As of bc1fddf llama-stack requires patches to support Intel GPUs via PyTorch XPU backend:
-
Patches for llama-stack at bc1fddf (from llama-stack#558):
-
Patches for llama-models at 17107db (from llama-models#233):
llama-stack package provides llama
cli tool to build and manage LLama Stack Distributions and models. Download, patch and install llama-stack as follows (patch taken from llama-stack#558 PR):
git clone https://github.com/meta-llama/llama-stack.git && cd llama-stack
git am $PATCHES/llama-stack/0001-feat-enable-xpu-support-for-meta-reference-stack.patch
pip install -e .
Note
We could install with pip install llama-stack
if we did not need to apply patches.
Once installed, llama
cli will be available. We will use it to further setup and run LLama Server.
Note
Note that llama-stack model identifiers differ from those used at Huggingface side (for our model that's Llama3.2-3B-Instruct
vs. meta-llama/Llama-3.2-3B-Instruct
). Use llama model list
to list models supported by llama-stack and their identifiers.
When working with llama-stack API use llama-stack model identifiers.

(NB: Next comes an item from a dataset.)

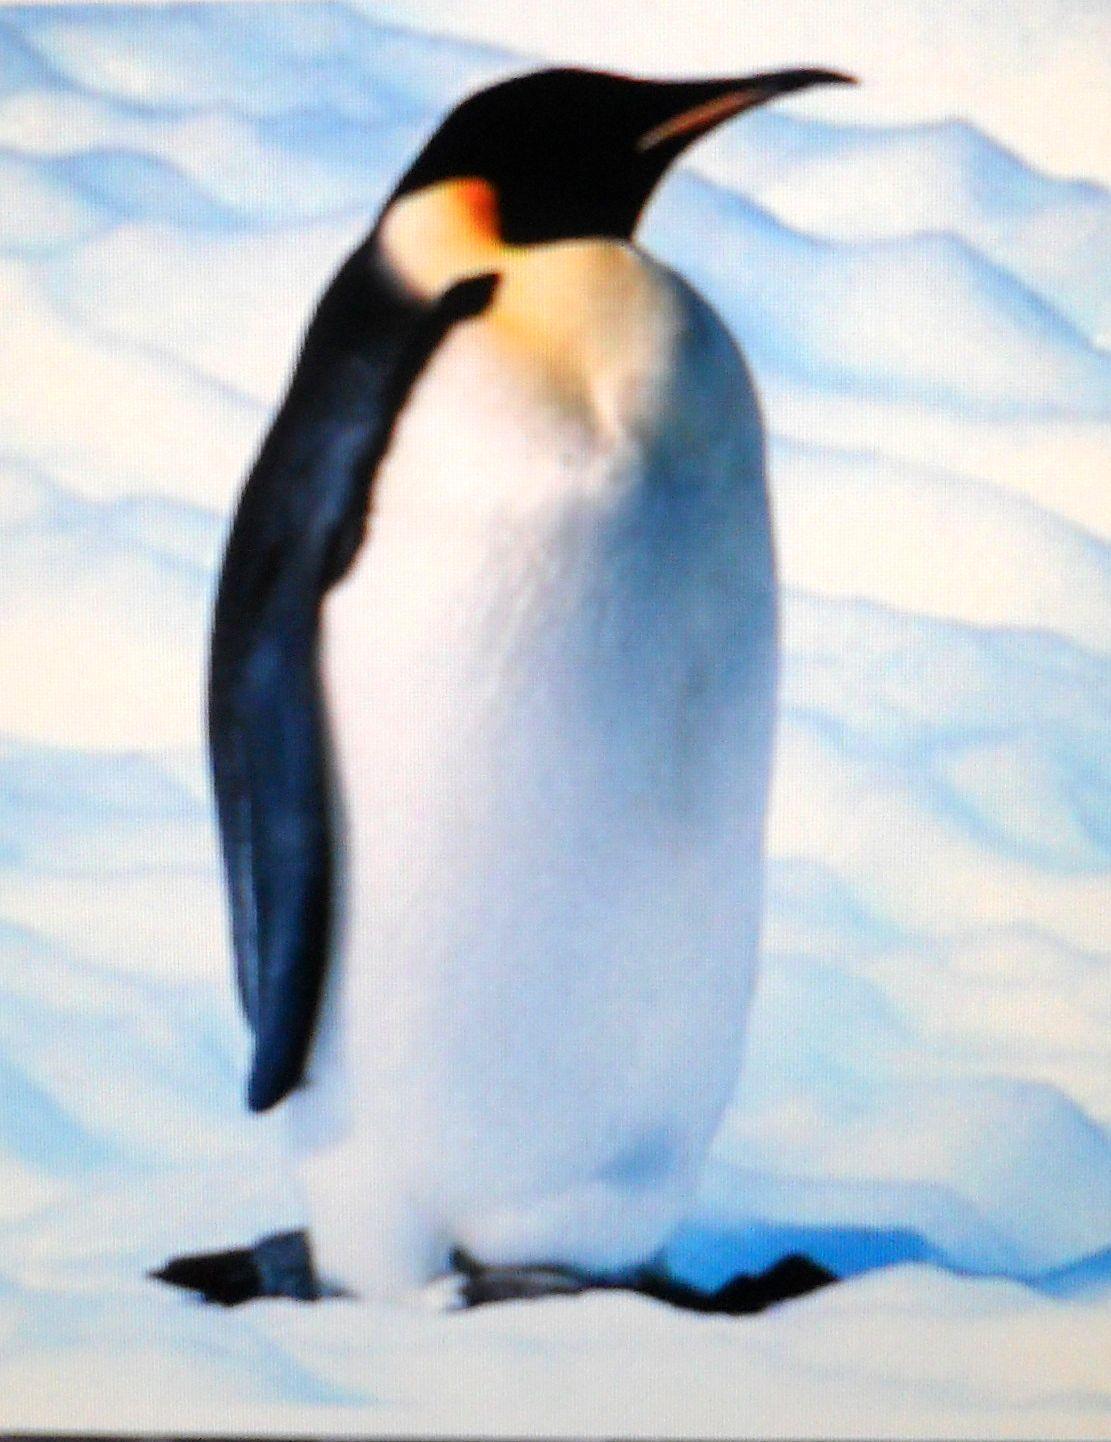 pinguino dating siti di incontri completamente gratuiti in Asia

Before starting the server download checkpoints for the model you plan to serve. Checkpoints can be downloaded from different sources. For example, from Huggingface:
llama download --model-id Llama3.2-3B-Instruct --source huggingface
llama-stack provides a number of templates to build LLama Servers (Distributions). Custom configs are also possible. Each distribution can be built either in a form of Docker image or Conda environment. These are 2 prerequisites and at least one of them needs to be installed before LLama Stack Distributions can be built and used:
- Docker
- Conda
For the hints on how to install and use Conda, read here.
As of now Docker images are not available for PyTorch XPU backend. Below we will show how to build and setup Conda environments capable to work with XPU backend.
Note
See Meta Reference Distribution for details.

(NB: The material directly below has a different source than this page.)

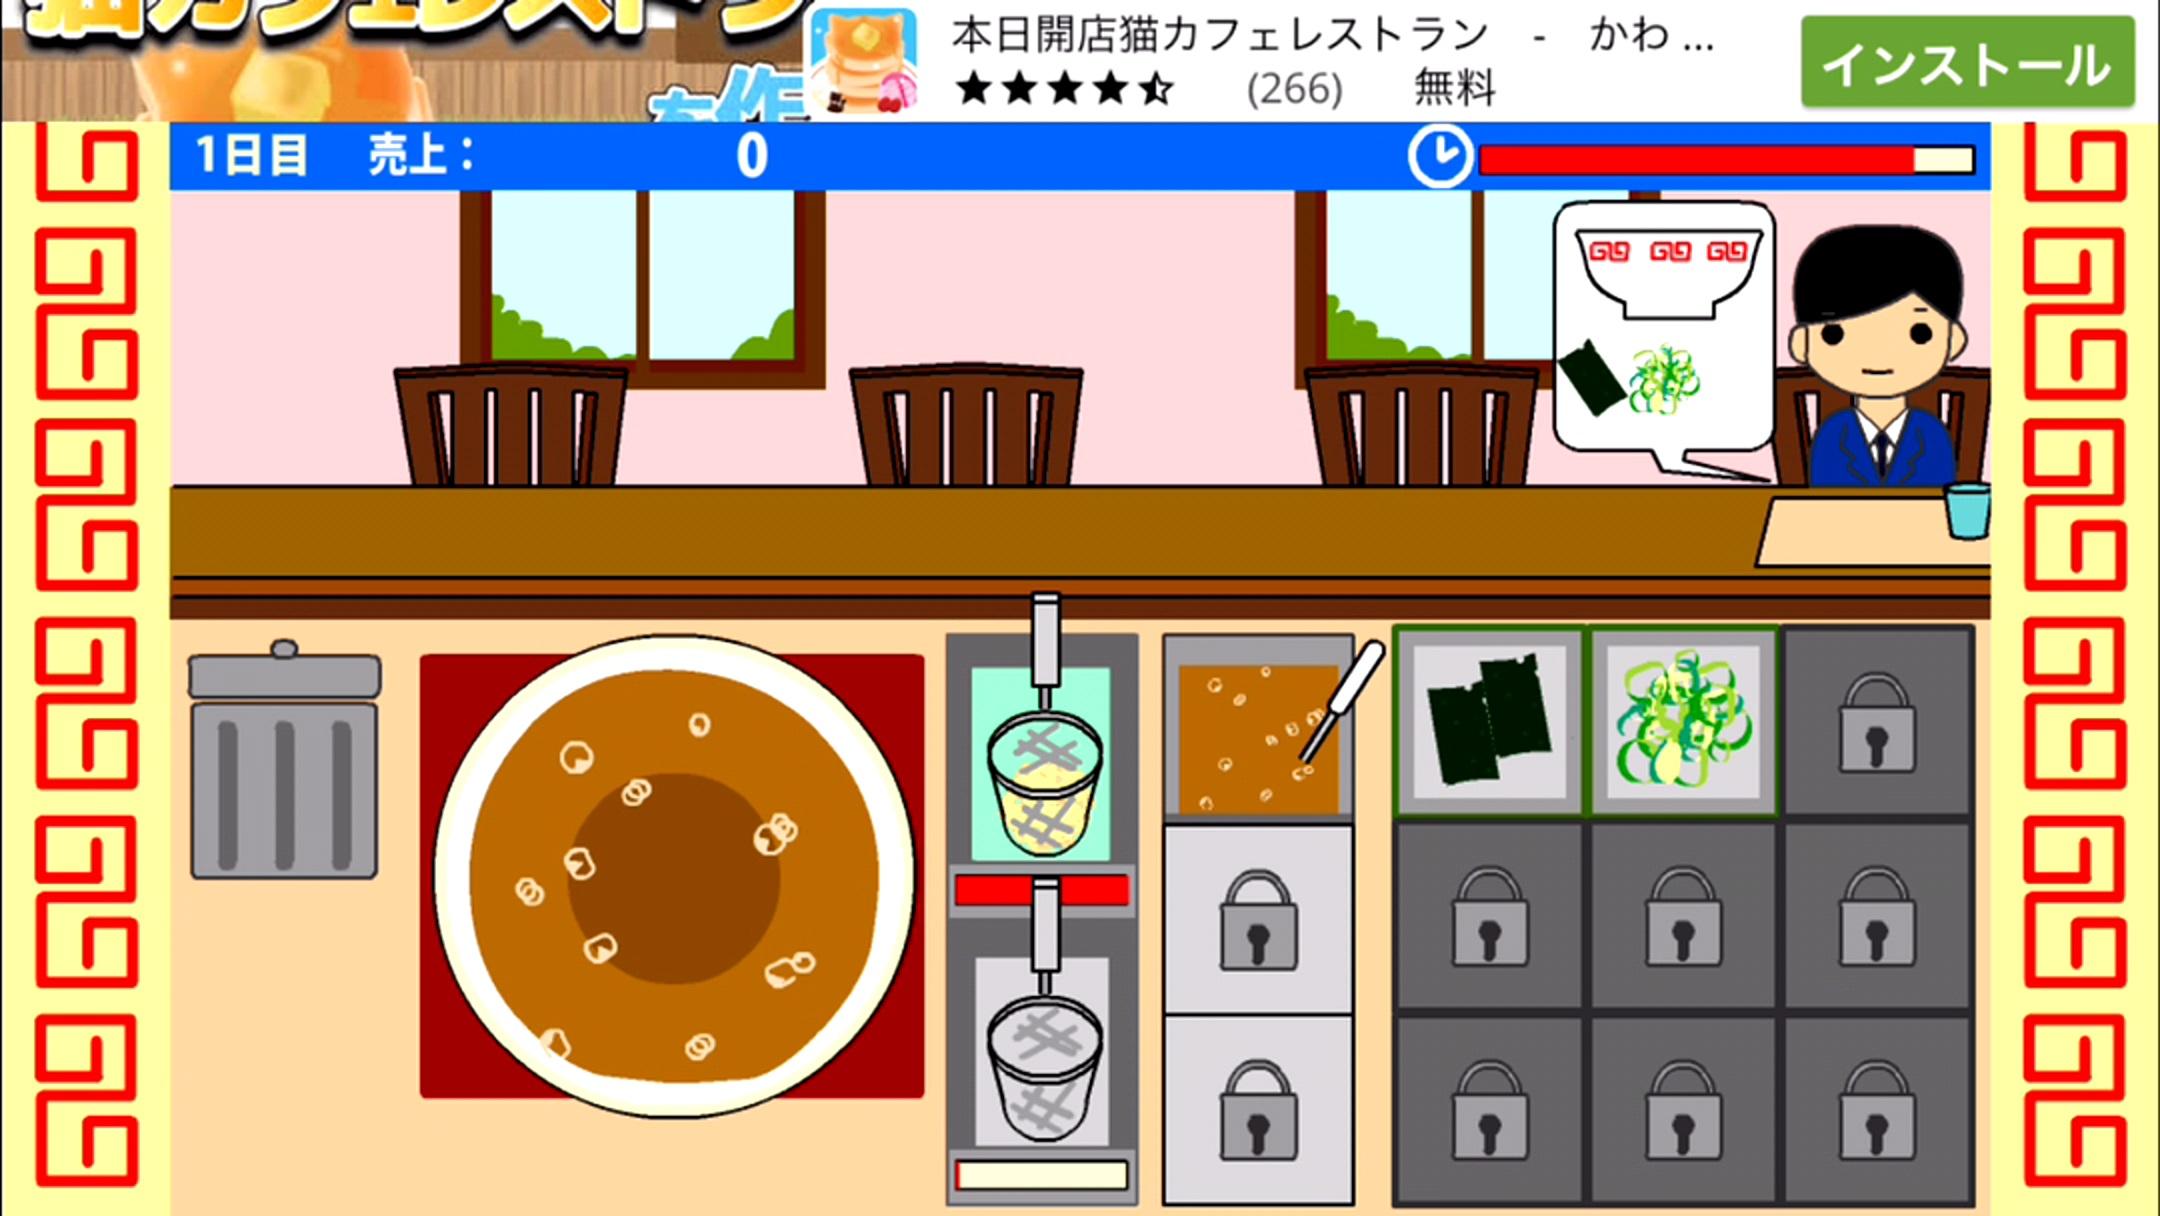 本日開店ラーメン屋さん androidアプリスクリーンショット1

Let's start with meta-reference-gpu stack which is actually designed to work with NVidia GPUs, but we will further adjust it to work with Intel GPUs. To build it, execute:
llama stack build --template meta-reference-gpu --image-type conda
Upon completion llamastack-meta-reference-gpu
Conda virtual environment will be created. Enter environment and make the following customizations
- Patch and reinstall llama-models to enable non-CUDA devices as follows. These patches are taken from llama-models#233 PR.
conda activate llamastack-meta-reference-gpu
git clone https://github.com/meta-llama/llama-models.git && cd llama-models
git reset --hard 17107db
git am $PATCHES/llama-models/0001-feat-support-non-cuda-devices-for-text-models.patch
pip uninstall -y llama-models
pip install -e .
- Reinstall XPU capable version of PyTorch:
conda activate llamastack-meta-reference-gpu
pip uninstall -y torch torchvision
pip install torch torchvision --index-url https://download.pytorch.org/whl/nightly/xpu
After that meta-reference stack should be able to work on Intel GPUs supported by PyTorch XPU backend. Start it as follows:
cd /path/to/llama-stack && llama stack run \
~/.llama/distributions/llamastack-meta-reference-gpu/meta-reference-gpu-run.yaml \
--port 5001 \
--env INFERENCE_MODEL=Llama3.2-3B-Instruct
Note that it's required for some reason to start the server from the llama-stack working copy. It doesn't work starting from arbitrary directory.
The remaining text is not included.